A polling survey on this compelling and controversial theme by Ekos Research, for the 2010 Walter Gordon Massey Symposium at the University of Toronto, which this year was titled "Private emotion, public policy," is evidence that Canadians place a high value on reason in politics, but are subject to a significant degree of irrationality in their assessments of themselves and their fellow citizens. This suggests that Canadian admiration for rationality is strongly coloured by such emotional factors as self-regard, vanity and indeed narcissism.

Eighty-six per cent of the respondents said that their voting decisions are mostly influenced by reason and thinking, rather than by emotional considerations, but 89 per cent said that the politics would be better if voters put greater emphasis on thinking, thus implying that most other voters fall short in this respect. They found federal Canadian politics to be too emotional rather than too rational, in a proportion of close to four to one.

But political reason and political emotions can have a complementary relationship, as well as an oppositional one. More than 2,300 years ago, Aristotle recognized this by placing his study of the emotions in his book The Art of Rhetoric, rather than in his volume on the human psyche, where one would expect it.

The first of the book's three parts argues that persuasion - primarily a political activity - is based on a subordinate, fuzzier version of logic that deals in probabilities, not on precise propositions. He calls the rhetorical equivalent of syllogisms "enthymemes," which are less than logical proofs, yet are the results of a kind of reasoning.

The second part of the book contains what now would be called a textbook on affective psychology - because political (and courtroom) persuaders have to understand the emotions of their audiences, if their rhetorical enthymemes are to get accepted.

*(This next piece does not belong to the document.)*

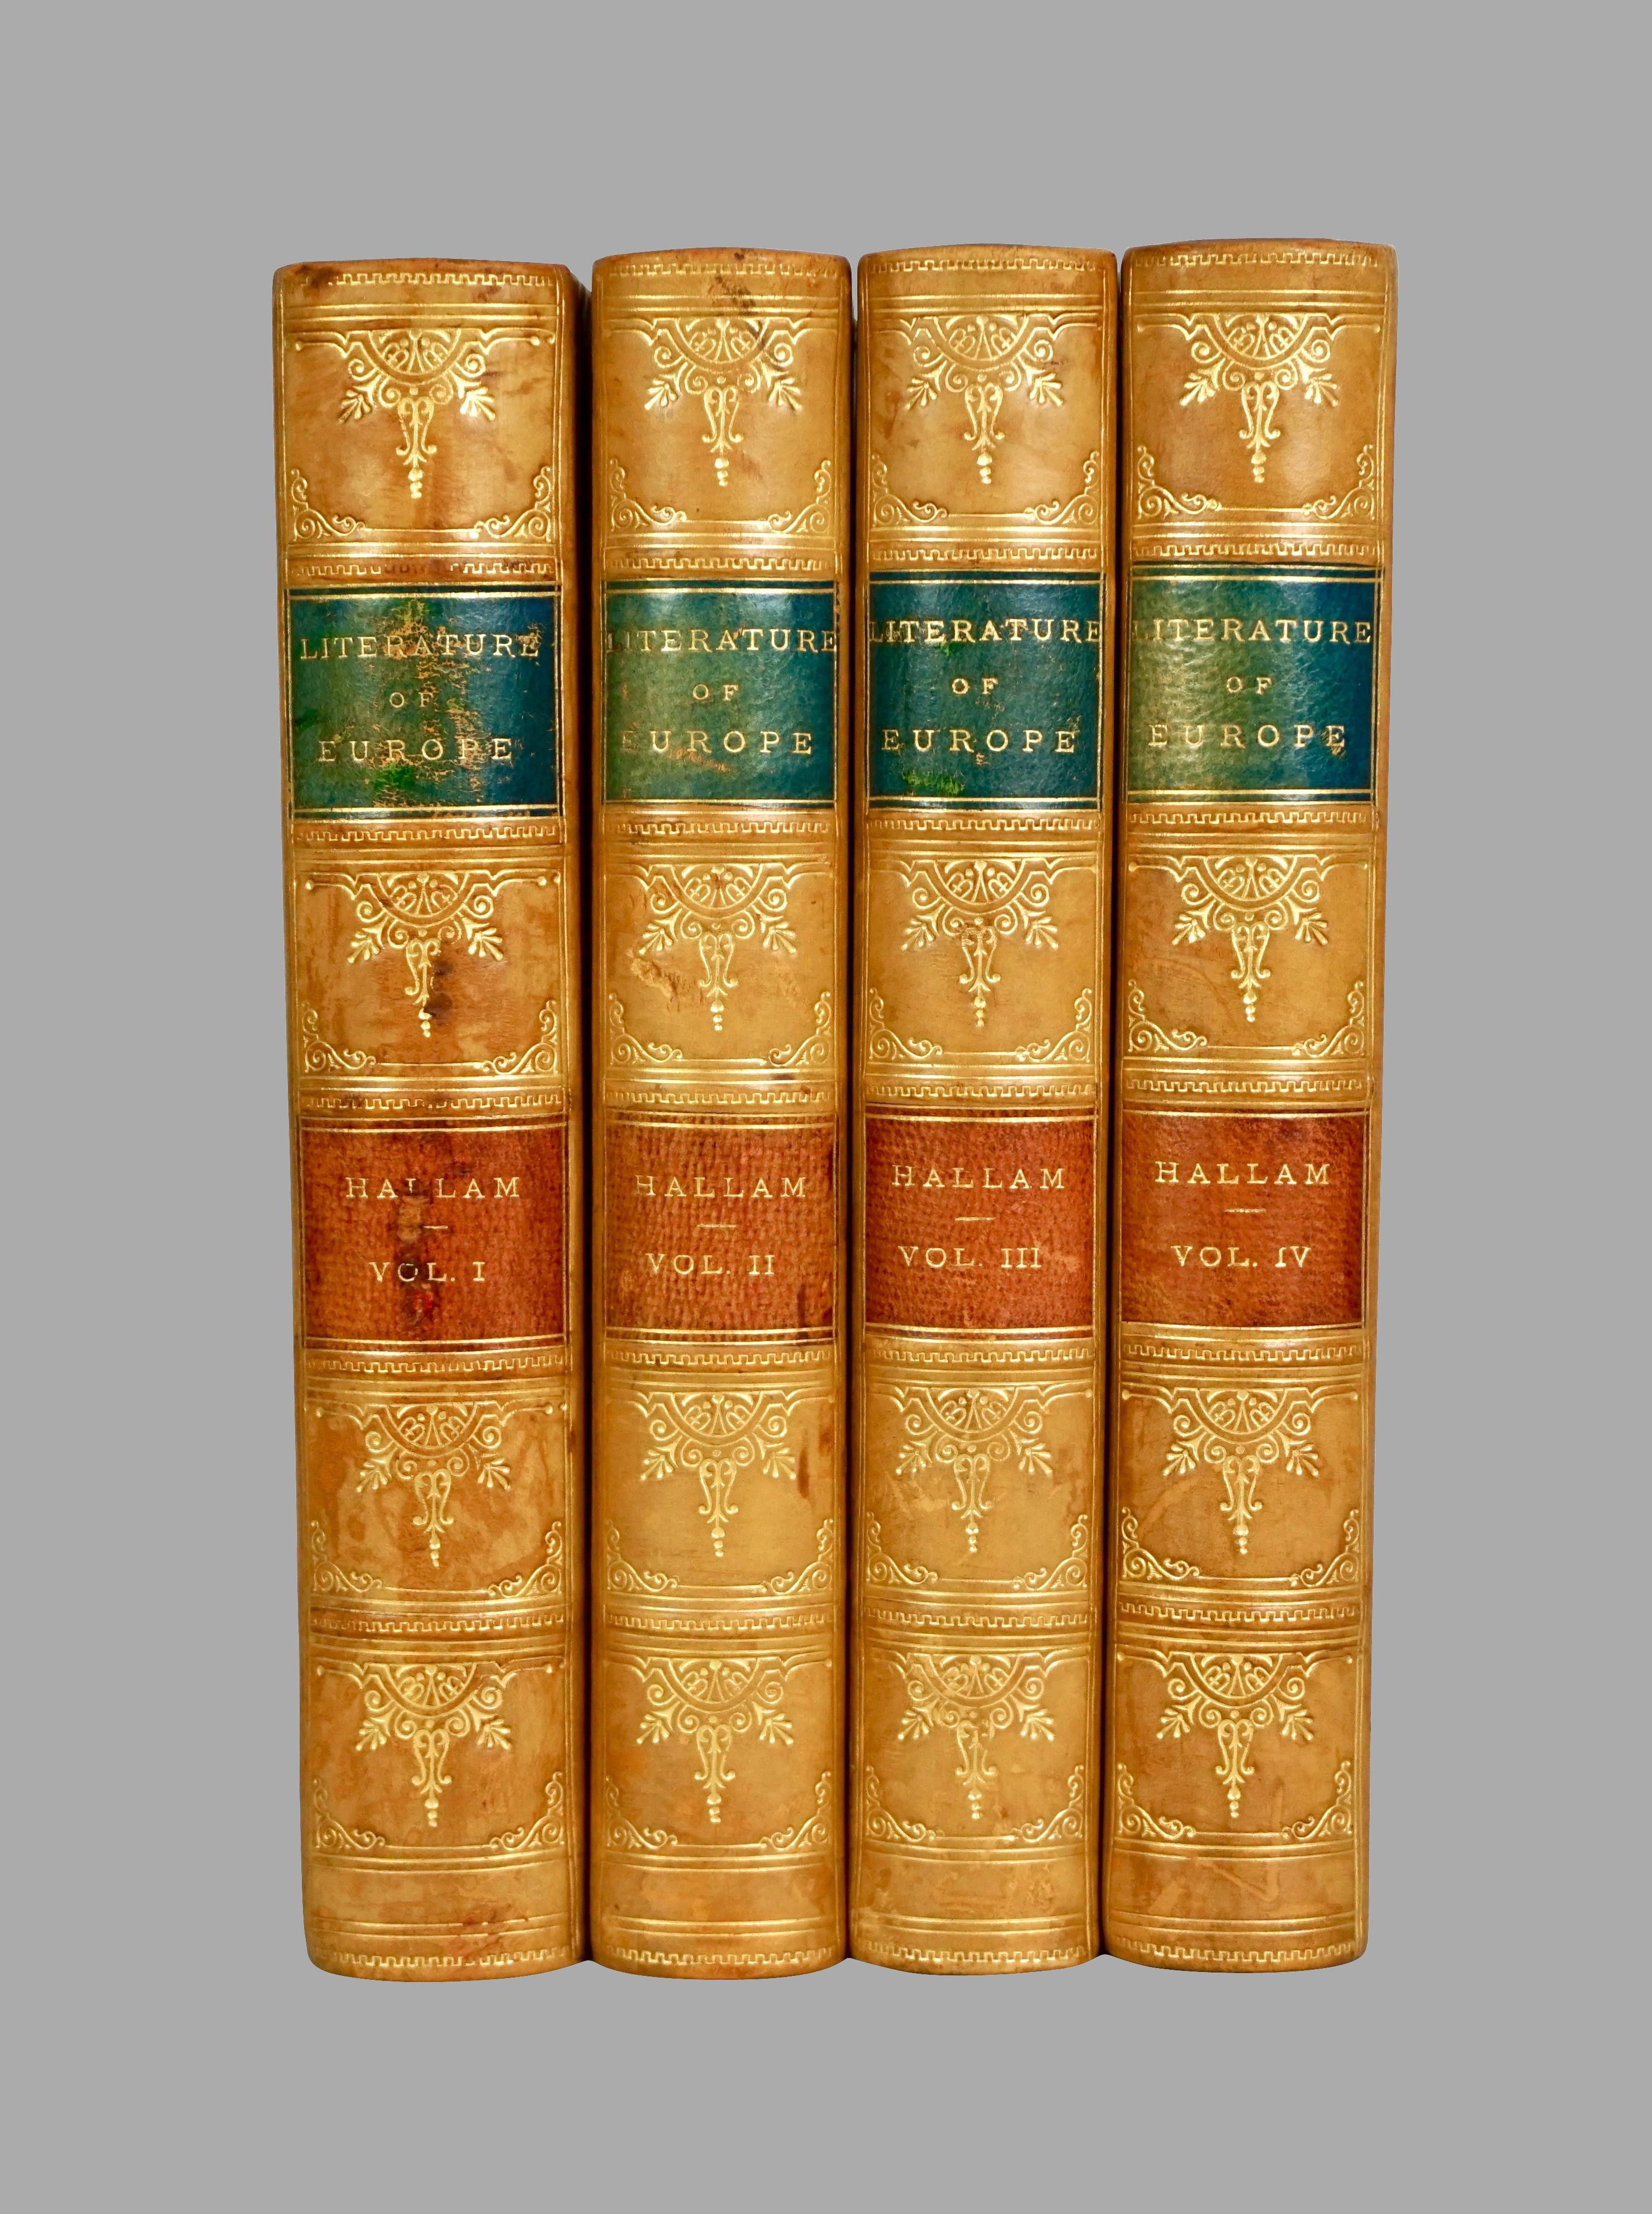 A set of 10 leather bound volumes by Henry Hallam, a distinguished and prolific Oxford educated Victorian historian. The group includes 3 volume history of England, 3 volume History of the Middle Ages, and 4 volumes on English Literature. Each

In other words, people's views of what is politically persuasive is usually based less on logical deductions or mathematical calculations, than on some mixture of their common sense and their emotional commitments.

The Ekos survey may well help Canadians to be more self-critical about their own thinking and to be more respectful toward their fellow citizens' emotions. Humans are, and will remain, both thinking and feeling beings.